Unique-byte count: 25, excluding the comments which I stripped with g++ -E. And excluding space and newline like your counter. I used sed 's/\(.\)/\1\n/g' ladder-nocomments.cpp | sort | uniq -ic from this askubuntu to count occurrences of each character, and piped that into wc to count how many unique characters I had.

#include<iostream>

int main() {
    char c{};
    c++; c++;            // c=2
    char cc(c+c+c+c);    // cc=8
    char s(cc+cc+cc+cc); // s=32 = ' ' = space in ASCII/UTF-8

    int n;
    std::cin >> n;      // end condition

    for(int r{}; r < n;) {      // r = rows counting from 0
        ++r;
        for(int i{}; i < r;) {
            ++i;
            std::cout << i << s;
        }
        std::cout << std::endl;
    }
}

The only 2 f characters are from for. We could use while loops instead if we had a use for w.
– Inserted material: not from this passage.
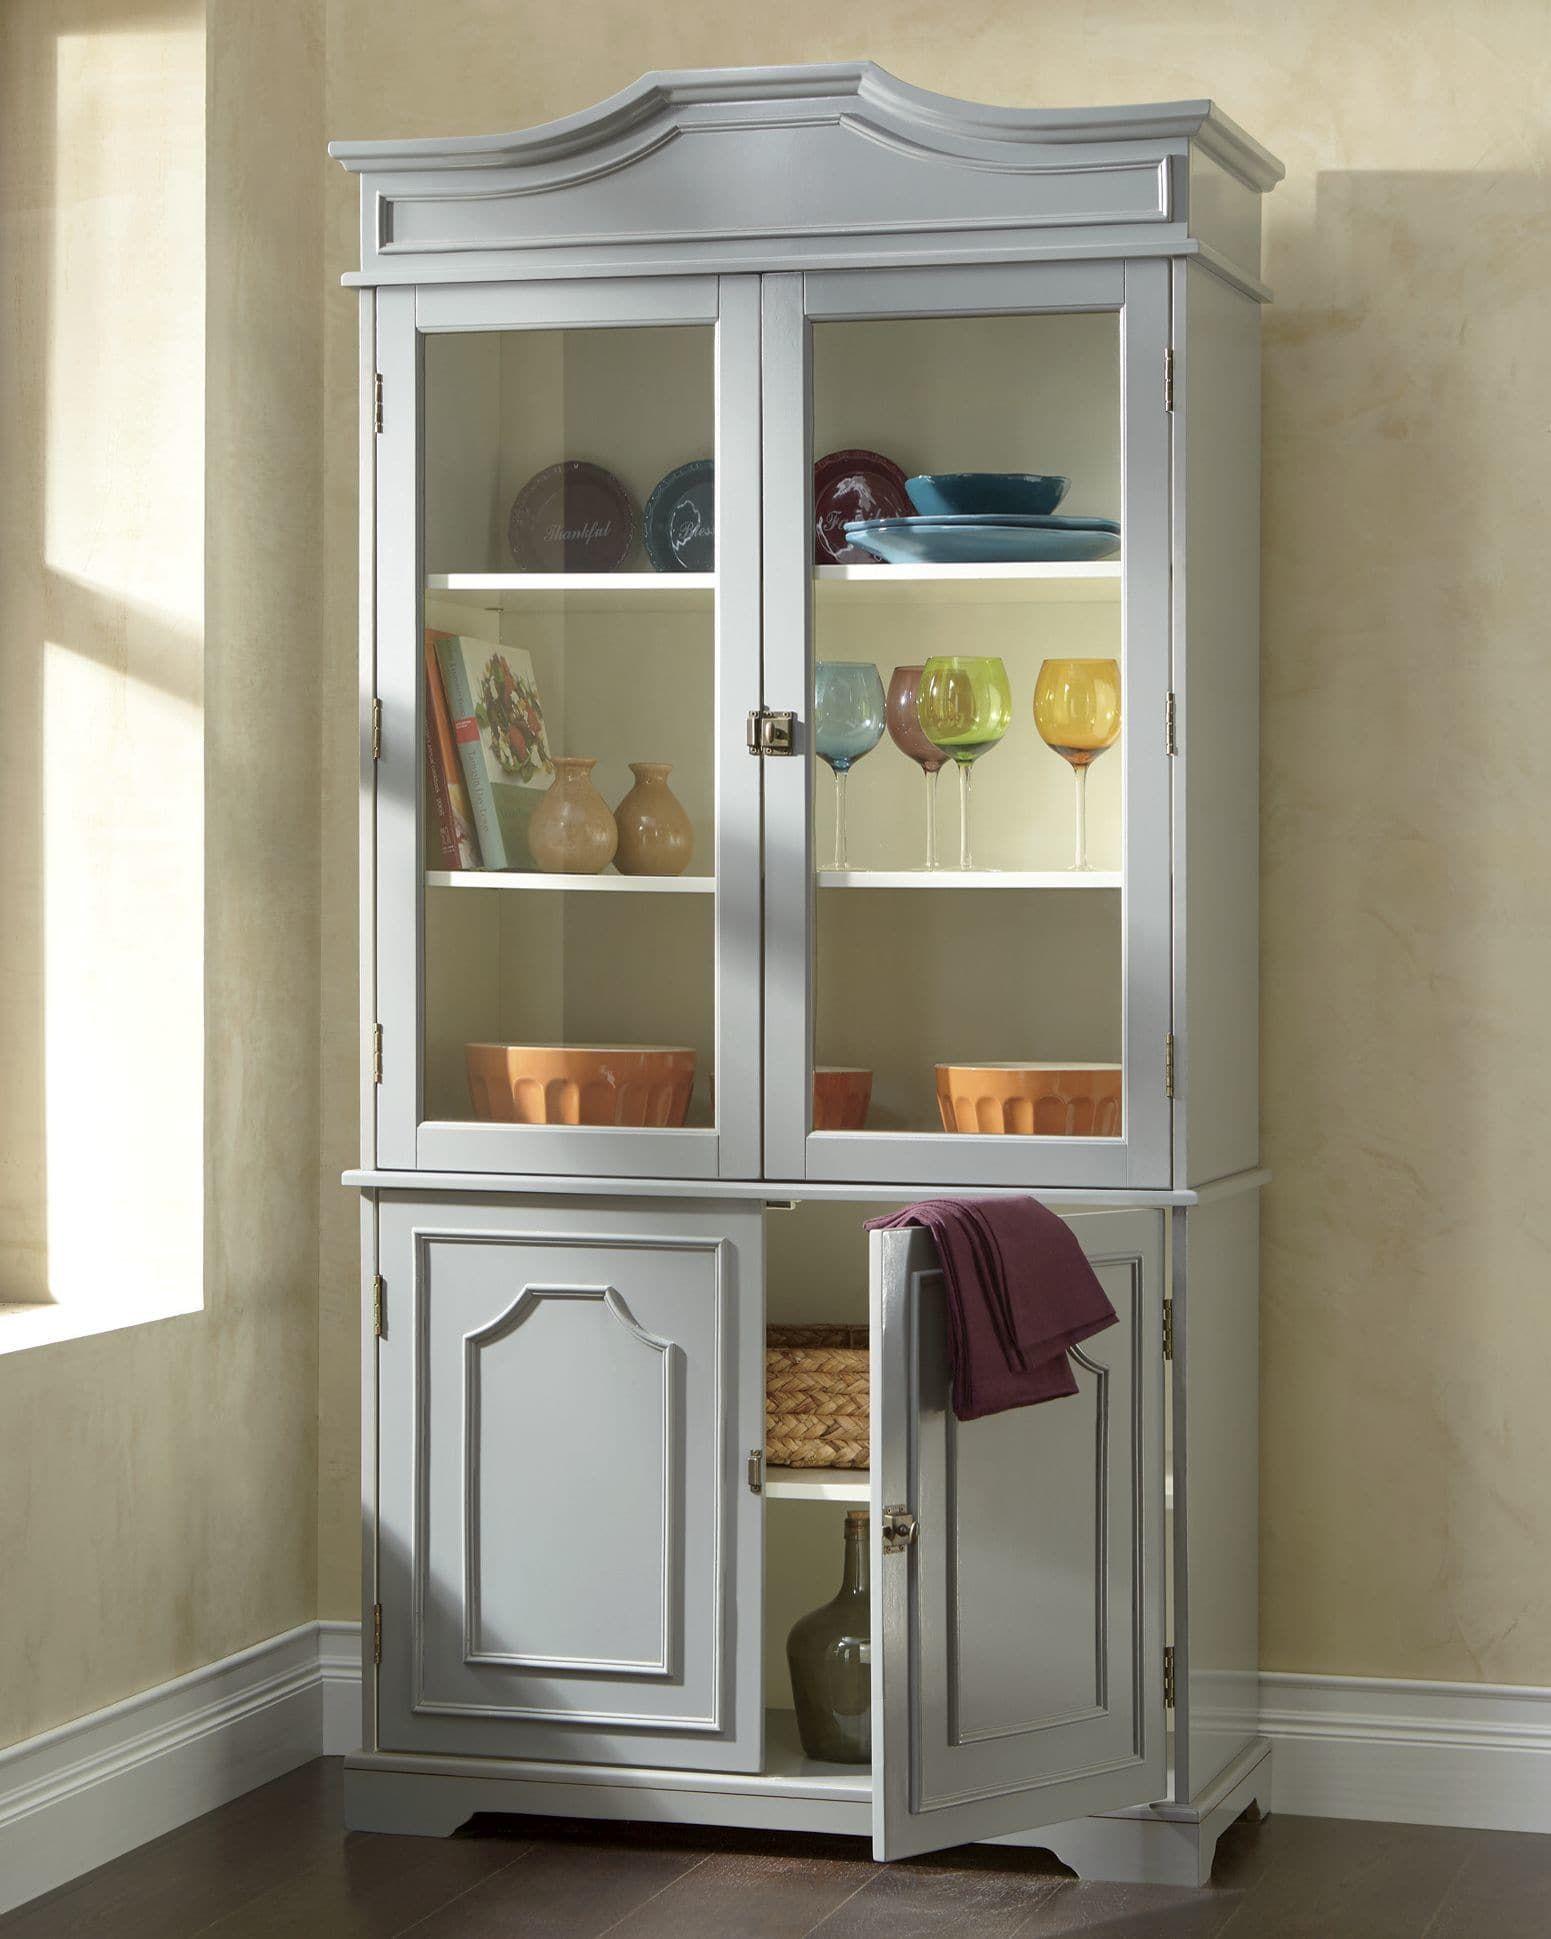 Admirable Chadwick Gray Hutch From Montgomery Ward S9741195 Interior Design Ideas Skatsoteloinfo

We could possibly rewrite the loops into an assembly-language style of i < r || goto some_label; to write a conditional jump at the bottom of the loop, or whatever. (But using or instead of ||). Nope, that doesn't work. goto is a statement like if and can't be a sub-component of an expression like it can in Perl. Otherwise we could have used it to remove the ( and ) characters.

We could trade f for g with if(stuff) goto label; instead of for, and both loops always run at least 1 iteration so we'd only need one loop-branch at the bottom, like a normal asm do{}while loop structure. Assuming the user inputs an integer > 0...


Digraphs and Trigraphs

Fortunately, trigraphs have been removed as of ISO C++17 so we don't have to use ??> instead of } if we're unique-golfing for the most recent C++ revision.

But only trigraphs specifically: ISO C++17 still has digraphs like :> for ] and %> for }. So at the cost of using %, we can avoid both { and }, and use %: for # for a net saving of 2 fewer unique characters.

And C++ has operator keywords like not for the ! operator, or bitor for the | operator. With xor_eq for ^=, you could zero a variable with i xor_eq i, but it has multiple characters you weren't using.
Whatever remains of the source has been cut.